Task requirements: Exclude the pictures and repeat all of the data exactly.

Raw data:
◆ ◆ ◆ ◆

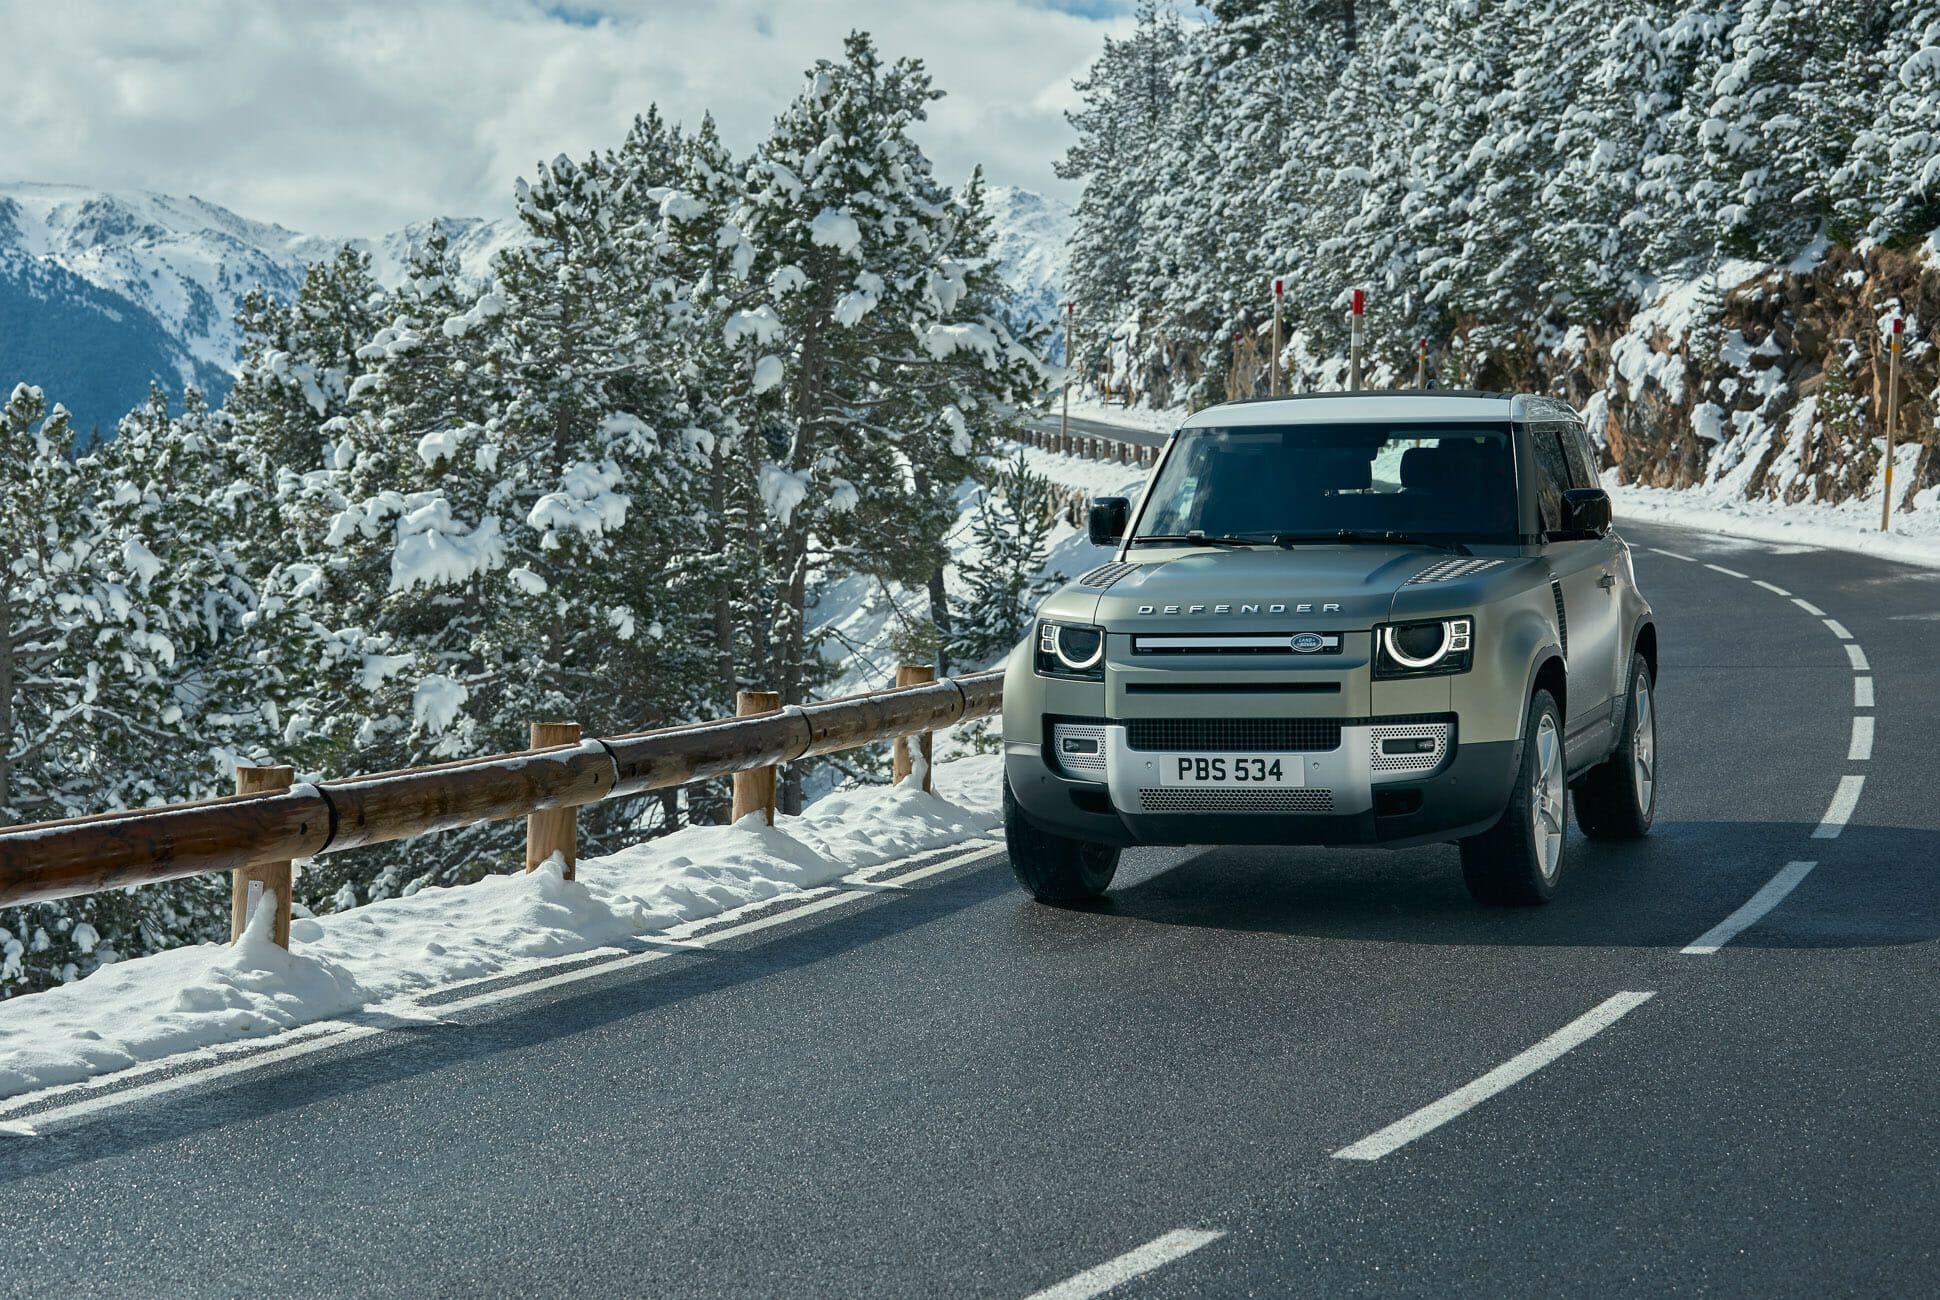 Land Rover Defender Gear Patrol-Exterior Action-Slide-06
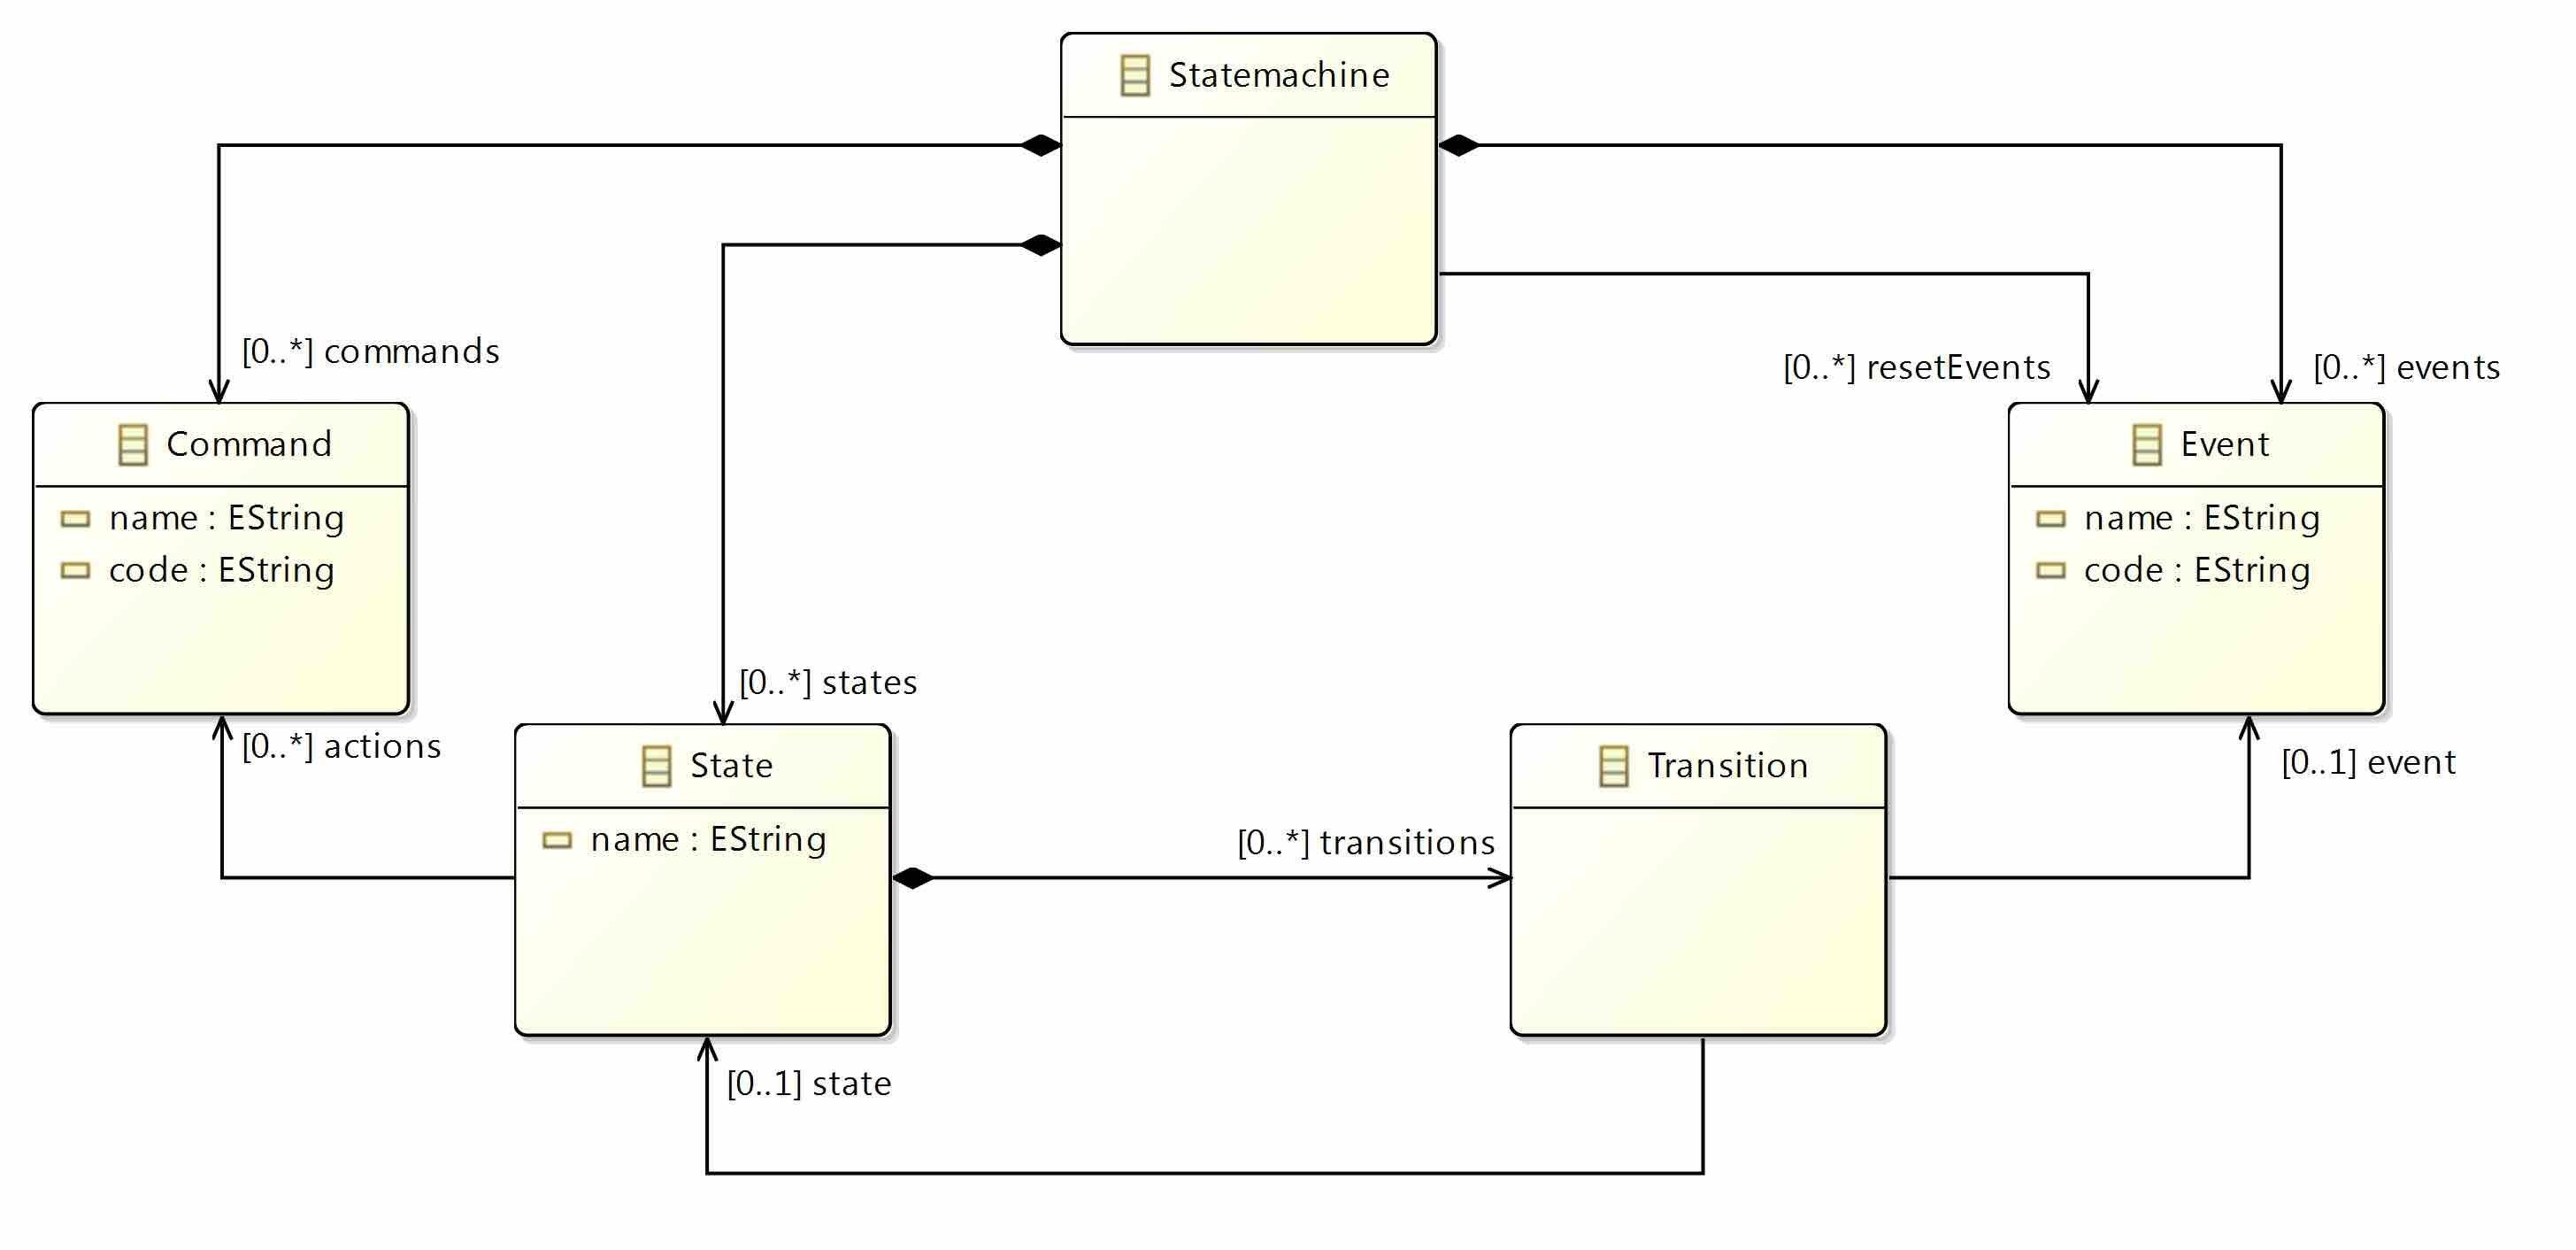 7_StateMachineExample_class_diagram
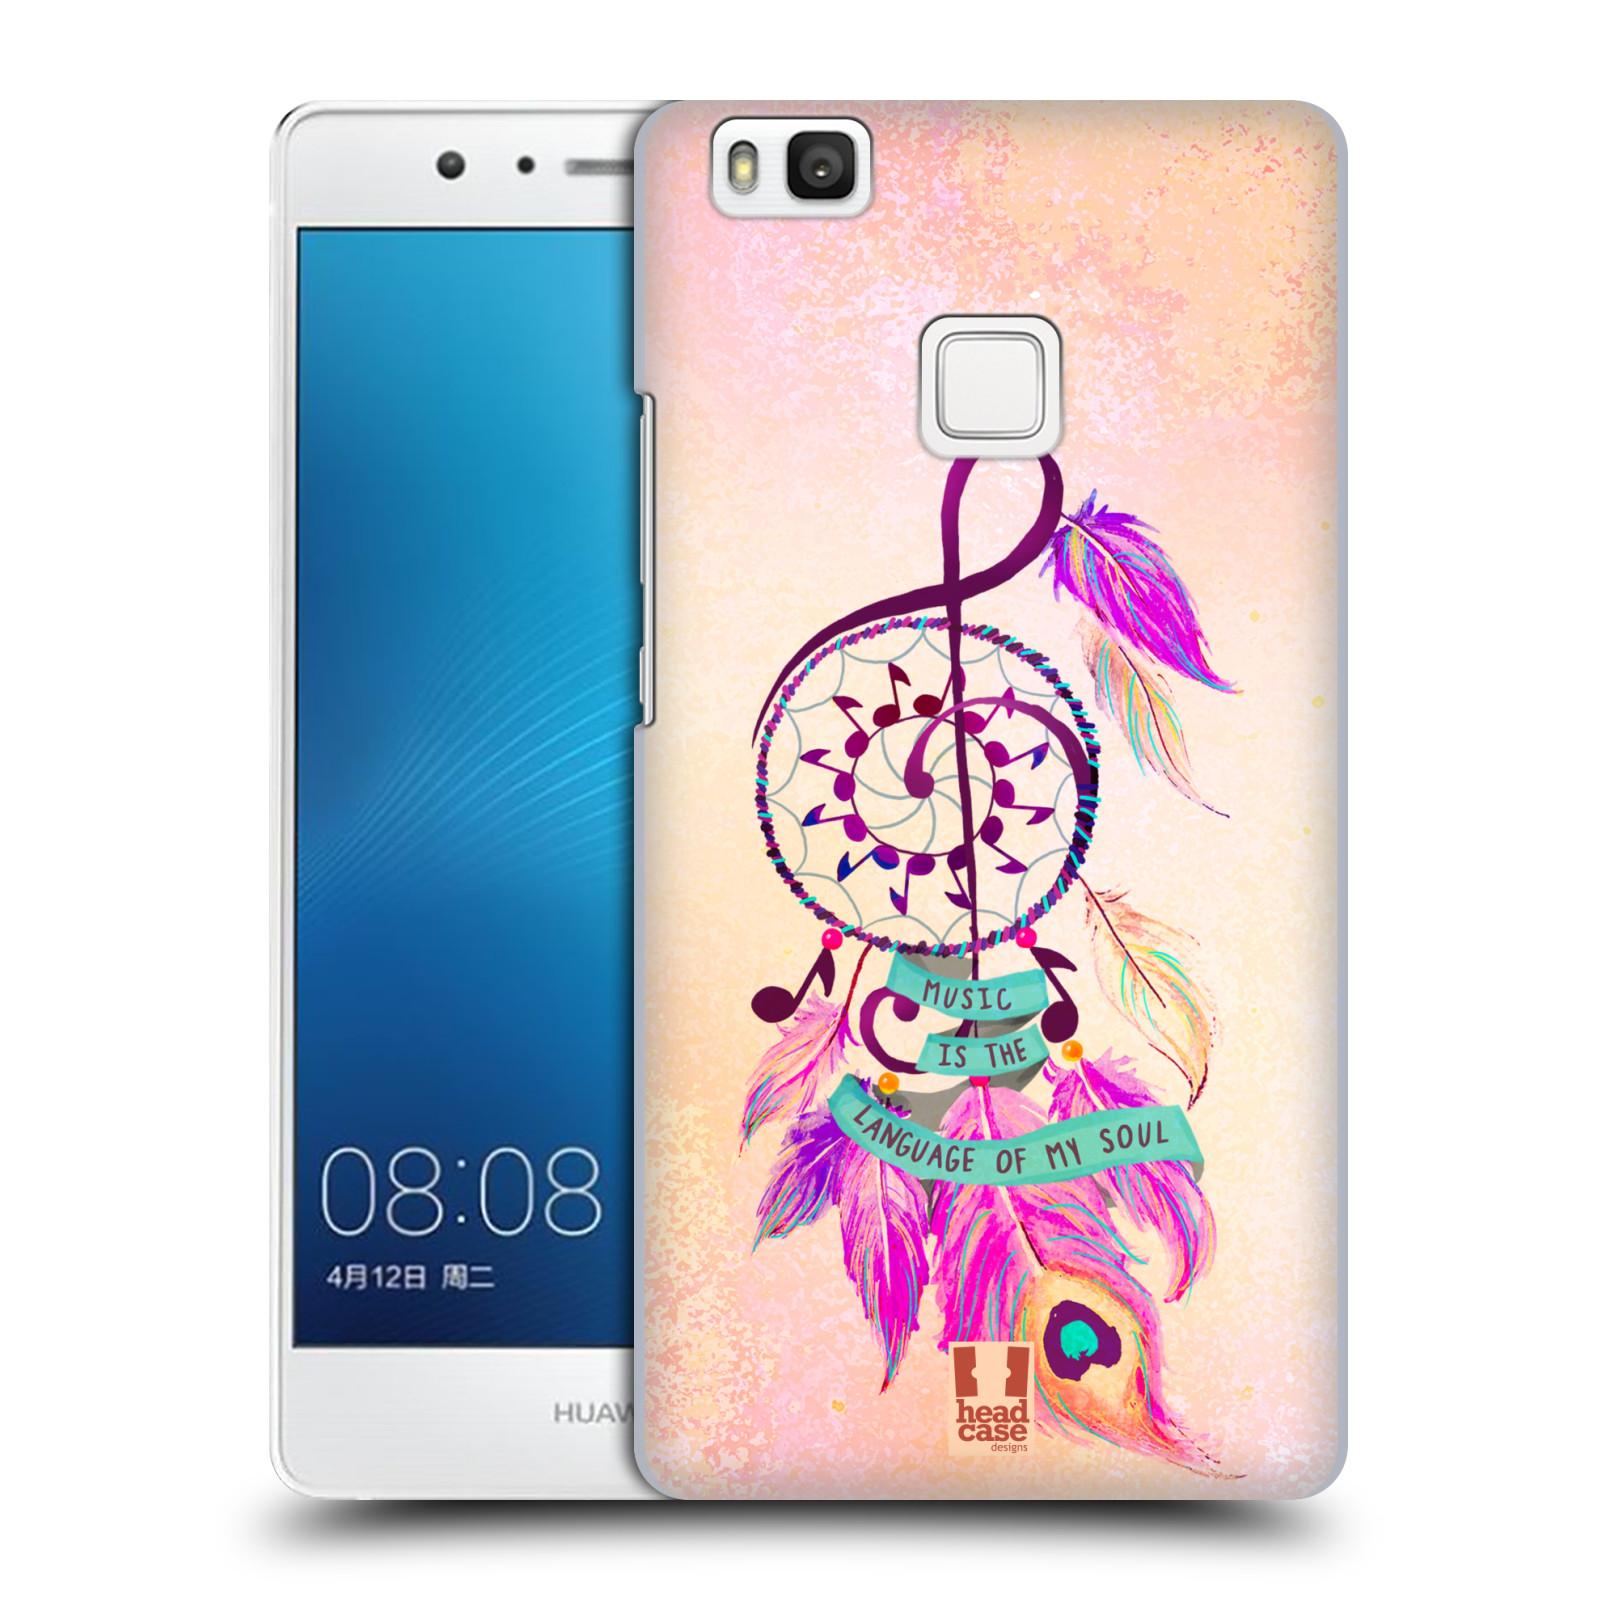 Plastové pouzdro na mobil Huawei P9 Lite HEAD CASE Lapač Assorted Music

◆ ◆ ◆ ◆

Expected answer:
 Land Rover Defender Gear Patrol-Exterior Action-Slide-06
 7_StateMachineExample_class_diagram
 Plastové pouzdro na mobil Huawei P9 Lite HEAD CASE Lapač Assorted Music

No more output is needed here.